• EXERCISE BRIEF:
May I have the line containing "新マルチプレイヤーモードのトレーラーを公開！" and every line after it through the end of the data, repeated exactly and with no other lines?

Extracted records
Content starts

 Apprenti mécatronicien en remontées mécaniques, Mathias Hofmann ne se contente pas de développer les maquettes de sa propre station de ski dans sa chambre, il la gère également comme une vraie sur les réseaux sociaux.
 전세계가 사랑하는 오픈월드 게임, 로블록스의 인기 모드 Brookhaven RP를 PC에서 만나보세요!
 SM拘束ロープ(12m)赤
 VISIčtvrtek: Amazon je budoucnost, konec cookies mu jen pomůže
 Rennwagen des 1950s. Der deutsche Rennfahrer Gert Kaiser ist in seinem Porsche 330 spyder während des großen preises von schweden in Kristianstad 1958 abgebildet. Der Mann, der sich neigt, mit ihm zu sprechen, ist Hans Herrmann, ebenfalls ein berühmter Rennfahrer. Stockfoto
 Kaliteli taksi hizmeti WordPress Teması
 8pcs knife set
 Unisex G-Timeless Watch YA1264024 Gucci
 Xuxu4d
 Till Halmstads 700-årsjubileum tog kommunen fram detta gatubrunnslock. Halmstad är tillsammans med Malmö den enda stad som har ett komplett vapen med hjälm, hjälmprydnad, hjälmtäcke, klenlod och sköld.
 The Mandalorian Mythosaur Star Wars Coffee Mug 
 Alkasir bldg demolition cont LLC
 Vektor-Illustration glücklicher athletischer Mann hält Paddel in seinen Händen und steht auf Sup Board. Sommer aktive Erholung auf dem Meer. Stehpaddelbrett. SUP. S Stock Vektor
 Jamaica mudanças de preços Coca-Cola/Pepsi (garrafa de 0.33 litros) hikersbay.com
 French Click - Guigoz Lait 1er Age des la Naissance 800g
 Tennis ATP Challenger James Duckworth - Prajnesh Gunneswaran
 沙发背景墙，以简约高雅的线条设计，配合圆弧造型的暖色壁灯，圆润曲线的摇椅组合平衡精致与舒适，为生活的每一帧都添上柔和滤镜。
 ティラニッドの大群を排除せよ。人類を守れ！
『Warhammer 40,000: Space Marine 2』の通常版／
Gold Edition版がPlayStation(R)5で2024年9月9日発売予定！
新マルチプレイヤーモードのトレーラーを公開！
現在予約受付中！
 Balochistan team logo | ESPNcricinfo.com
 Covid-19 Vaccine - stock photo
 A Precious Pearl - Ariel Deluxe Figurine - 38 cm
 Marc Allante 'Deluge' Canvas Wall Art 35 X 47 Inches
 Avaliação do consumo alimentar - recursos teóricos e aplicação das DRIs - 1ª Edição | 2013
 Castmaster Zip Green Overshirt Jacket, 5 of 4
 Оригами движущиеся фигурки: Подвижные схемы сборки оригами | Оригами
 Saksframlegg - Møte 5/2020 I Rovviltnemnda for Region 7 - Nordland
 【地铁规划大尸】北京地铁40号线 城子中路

Content ends

• YOUR RESPONSE:
新マルチプレイヤーモードのトレーラーを公開！
現在予約受付中！
 Balochistan team logo | ESPNcricinfo.com
 Covid-19 Vaccine - stock photo
 A Precious Pearl - Ariel Deluxe Figurine - 38 cm
 Marc Allante 'Deluge' Canvas Wall Art 35 X 47 Inches
 Avaliação do consumo alimentar - recursos teóricos e aplicação das DRIs - 1ª Edição | 2013
 Castmaster Zip Green Overshirt Jacket, 5 of 4
 Оригами движущиеся фигурки: Подвижные схемы сборки оригами | Оригами
 Saksframlegg - Møte 5/2020 I Rovviltnemnda for Region 7 - Nordland
 【地铁规划大尸】北京地铁40号线 城子中路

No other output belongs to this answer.